Comparative outcomes of nab-paclitaxel and paclitaxel in platinum-resistant ovarian cancer (COMPASS)

Objective: To compare the real-world effectiveness and safety of monotherapy nab-paclitaxel and paclitaxel in patients with platinum-resistant ovarian cancer (PROC). Methods: COMPASS is a retrospective, observational study using deidentified patient data from the longitudinal US Flatiron Health Research Database in patients with PROC who received monotherapy nab-paclitaxel or paclitaxel. Real-world progression-free survival (rwPFS), overall survival (OS), and prespecified real-world adverse events (rwAEs) were assessed. Cohorts were weighted by the inverse probability of treatment (IPTW) approach. Results: Of the 225 patients included, 67 received nab-paclitaxel and 158 received paclitaxel monotherapy. Most patients were > 65 years old with an Eastern Cooperative Oncology Group performance status of 0–1 and were treated in the community setting. rwPFS and OS were comparable across cohorts (rwPFS: unadjusted hazard ratio [HR],1.11; 95 % CI, 0.82–1.49; IPTW-adjusted HR, 1.03; 95 % CI, 0.66–1.63; OS: unadjusted HR, 0.95; 95 % CI, 0.69–1.3; IPTW-adjusted HR, 1.11; 95 % CI, 0.79–1.56). A sensitivity analysis using doubly robust IPTW showed consistent results. Incidence rates of anemia, diarrhea, fatigue, infusion-related reactions, nausea/vomiting, peripheral neuropathy, and thrombocytopenia were lower with nab-paclitaxel than with paclitaxel, while those of neutropenia, febrile neutropenia, and leukopenia were higher. The frequency of peripheral neuropathy in the nab-paclitaxel cohort (14 %) was half that of the paclitaxel cohort (28 %).

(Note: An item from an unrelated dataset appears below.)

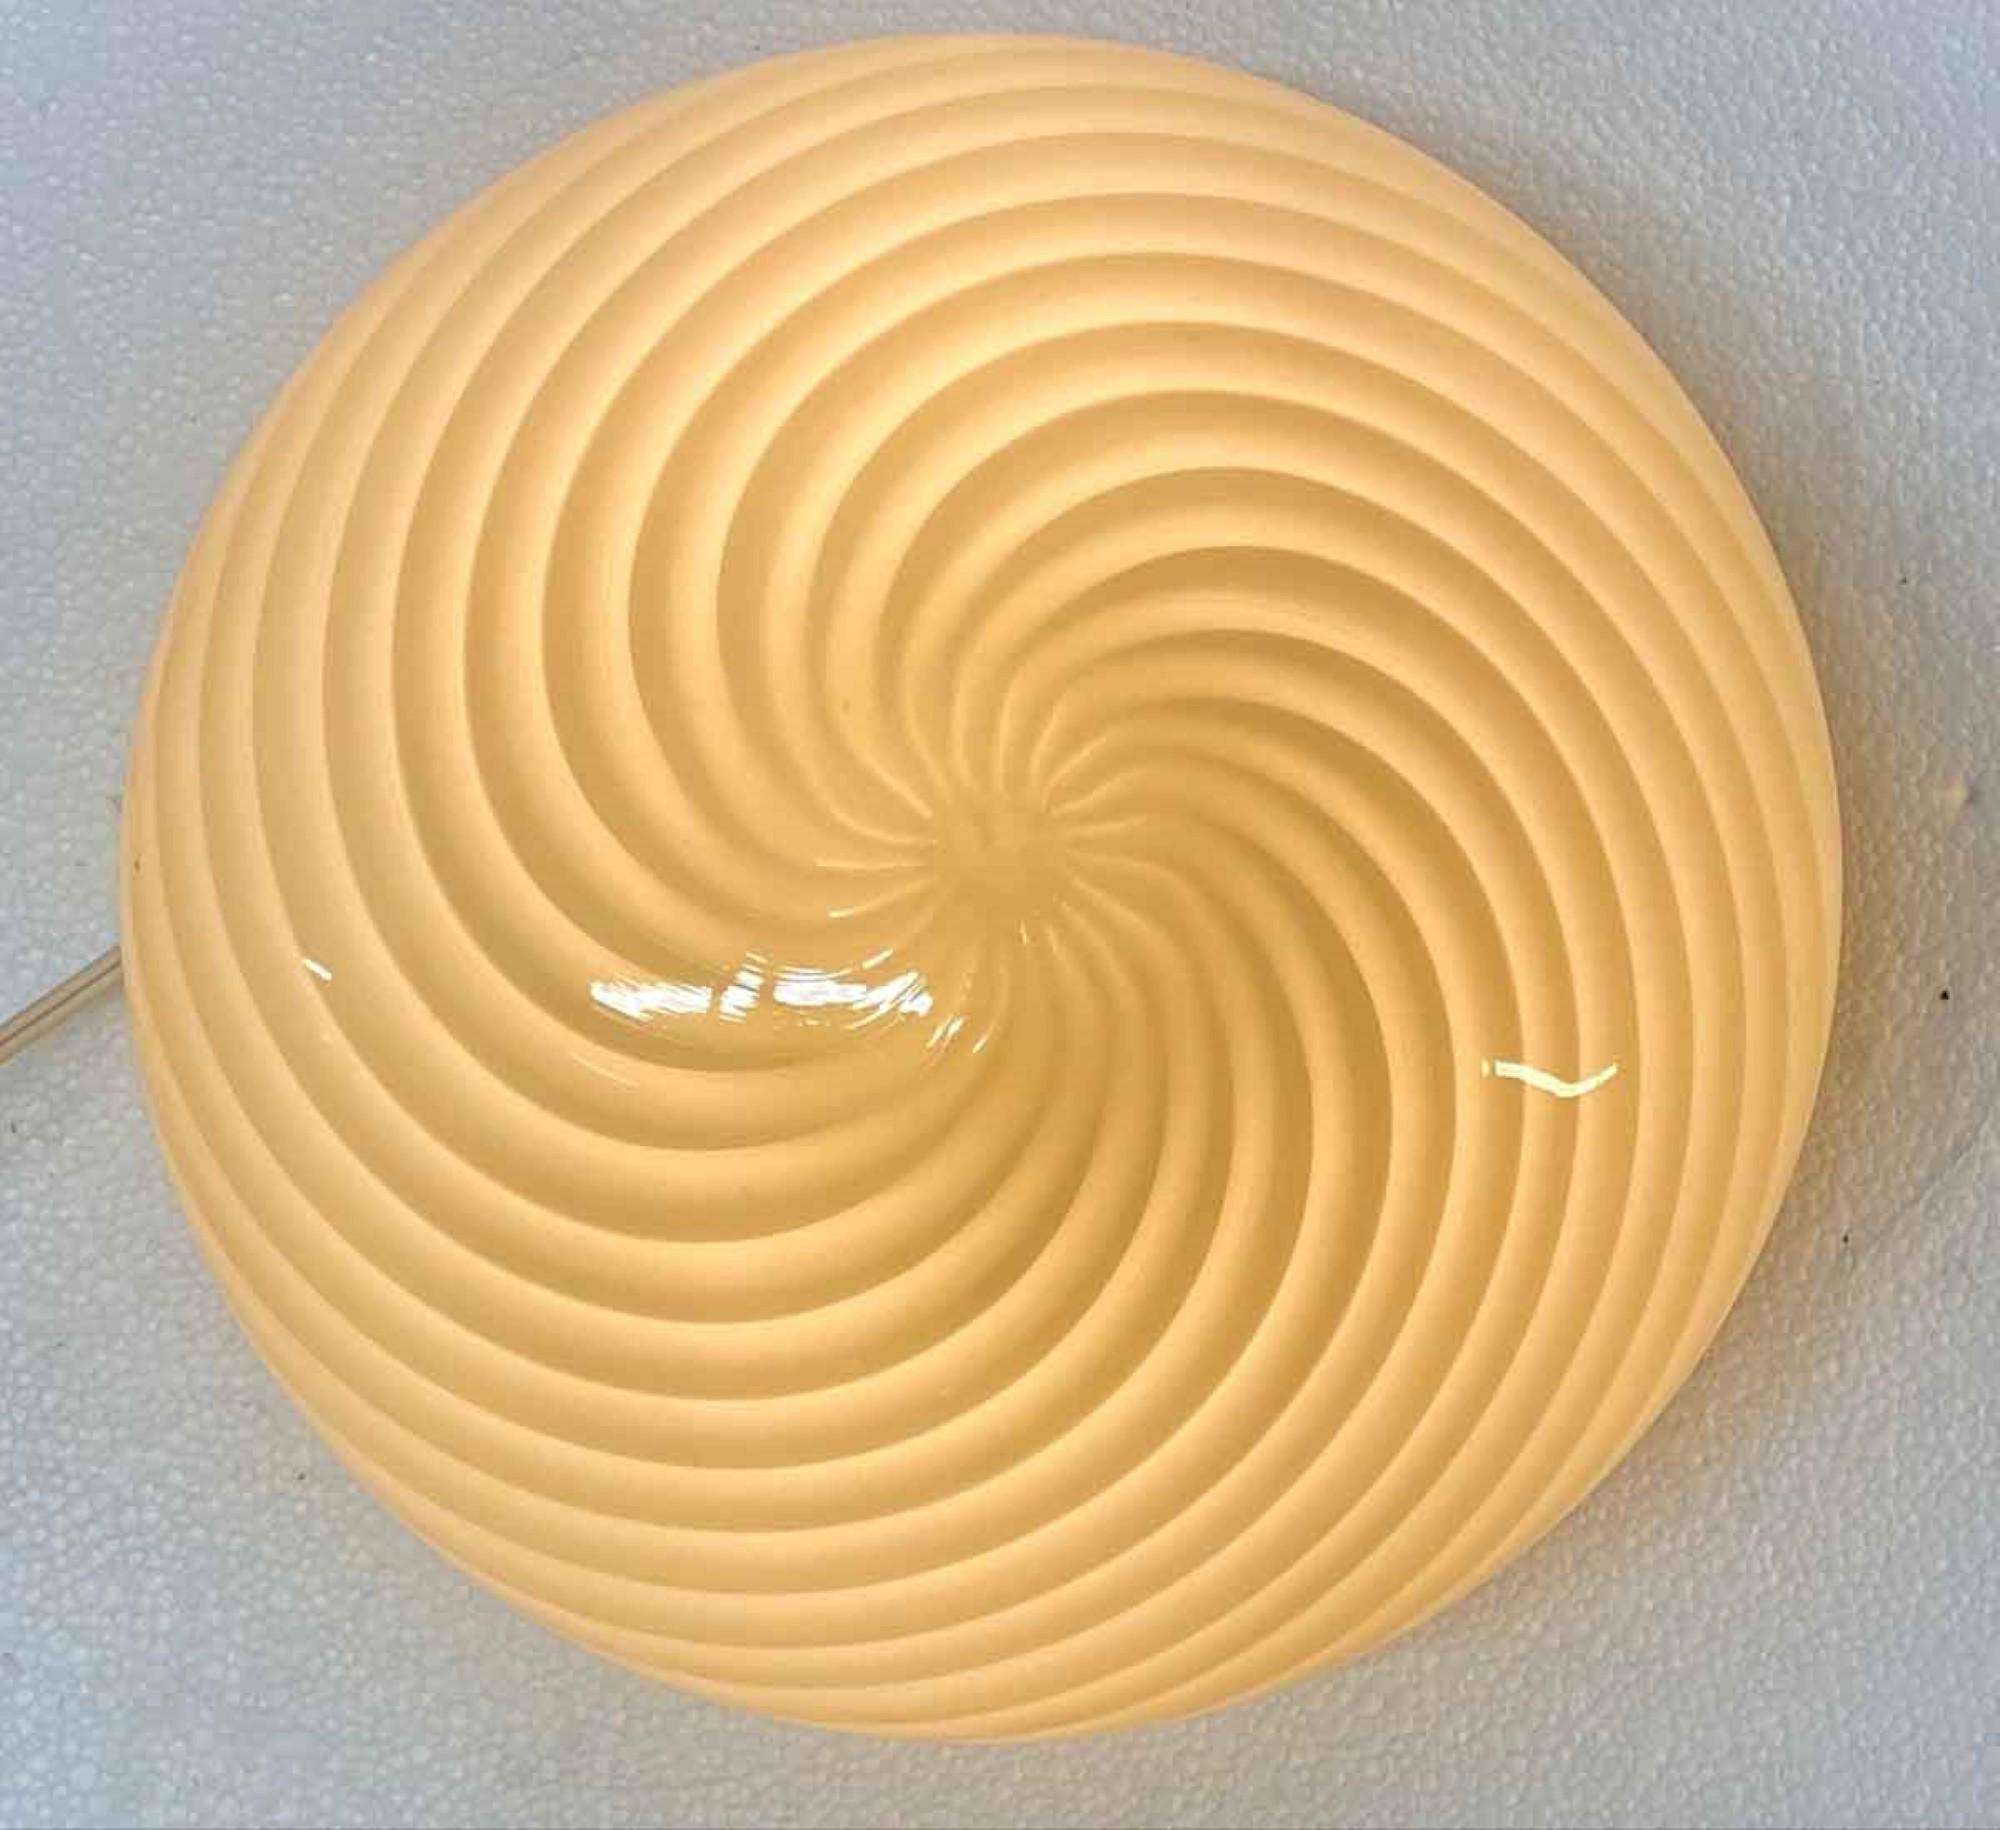 1980s hand blown Mid-Century Modern round glass fixture by Vetri Murano. This light requires two bulbs, 60 watts max. Measures: 15.5 in. Cleaned and rewired. Small quantity available at time of posting. Priced each. Please inquire. Please note, this

The observed trends in rwAEs persisted when adjusted for duration of exposure. Conclusions: Nab-paclitaxel demonstrated comparable effectiveness to paclitaxel with a lower rate of peripheral neuropathy, suggesting that nab-paclitaxel is an effective treatment option and a relevant comparator for clinical trials of patients with PROC.